# Choice of a Cabbage Cure



## Najim (Jul 14, 2009)

The Botanical name for a CABBAGE is “Brassica oleracea” which is widely used for food consumption.

a) Cabbage is rich in the many nutrients such as

Vitamin A: responsible for the protection of your skin and eyes.
Vitamin B: helps maintain integrity of nerve endings and boosts energy metabolism.
Vitamin C: an all-important anti-oxidant and helps the mitochondria to burn fat.
Vitamin E: a fat-soluble anti-oxidant, which plays a role in skin integrity.

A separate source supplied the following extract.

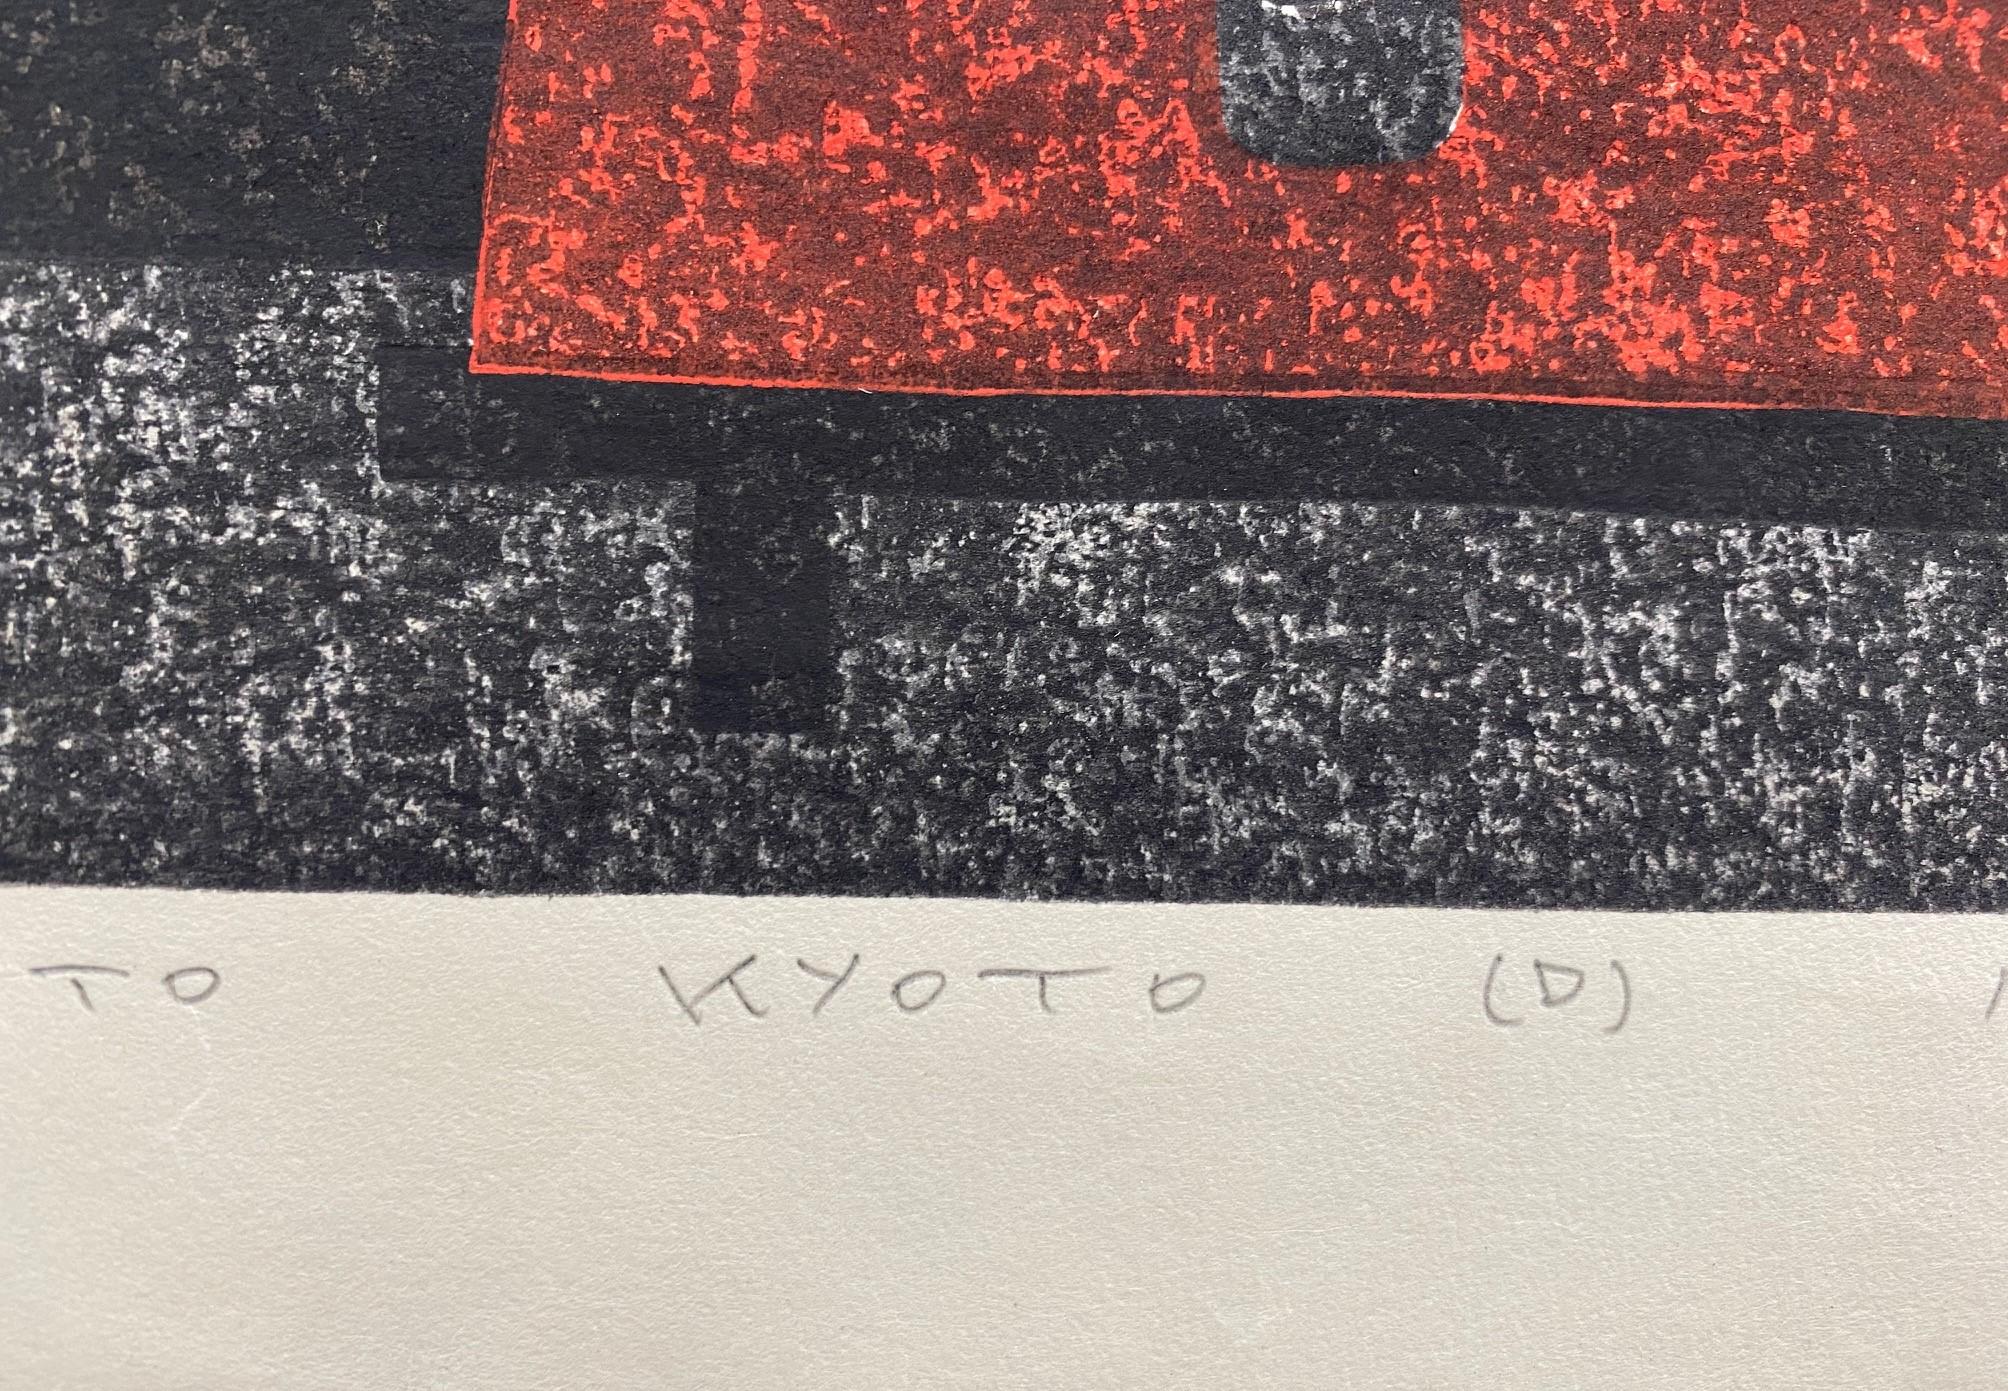 Kiyoshi Saito Signed Limited Edition Japanese Woodblock Print Toriemoto Kyoto D For Sale 4
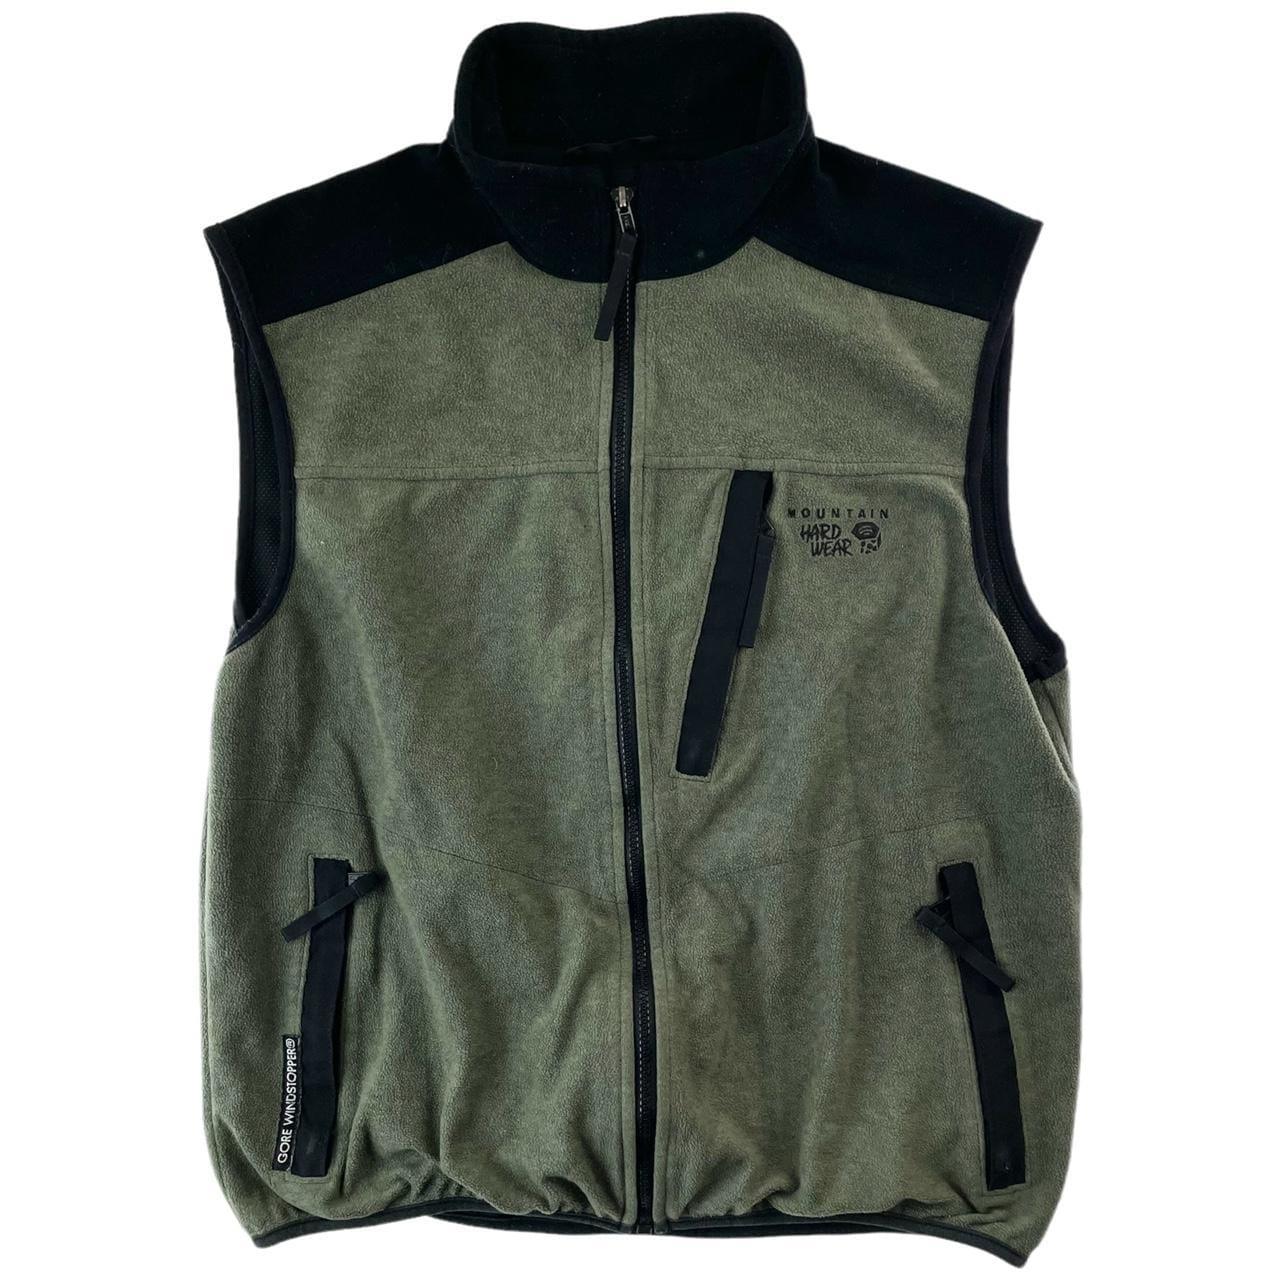 Vintage Mountain Hardware fleece vest size S - Known Source

b) The most interesting property of this vegetable is its power to reduce the risk of developing a colon cancer. This is due to its high contents of fibers and chemicals in it. Fibers strengthen our intestines and increase our transit movements. Cabbage also contains chemicals that suppress tumor growth and protect cells against free radicals.

c) Drinking Cabbage juice to an amount of 25-50 ml everyday can treat headache, asthma, bronchitis and other digestion problems. You can also dab white cabbage juice on your mouth to cure ulcer and it works really faster.

d) Cool cabbage leafs are recommended for nursing mothers who suffer from breast engorgement. Regular intake of cabbage juice will help reduce the stress, and it can be used for prevention of engorgement as well. Many nursing mothers have relieved of feeding troubles with the simple techniques.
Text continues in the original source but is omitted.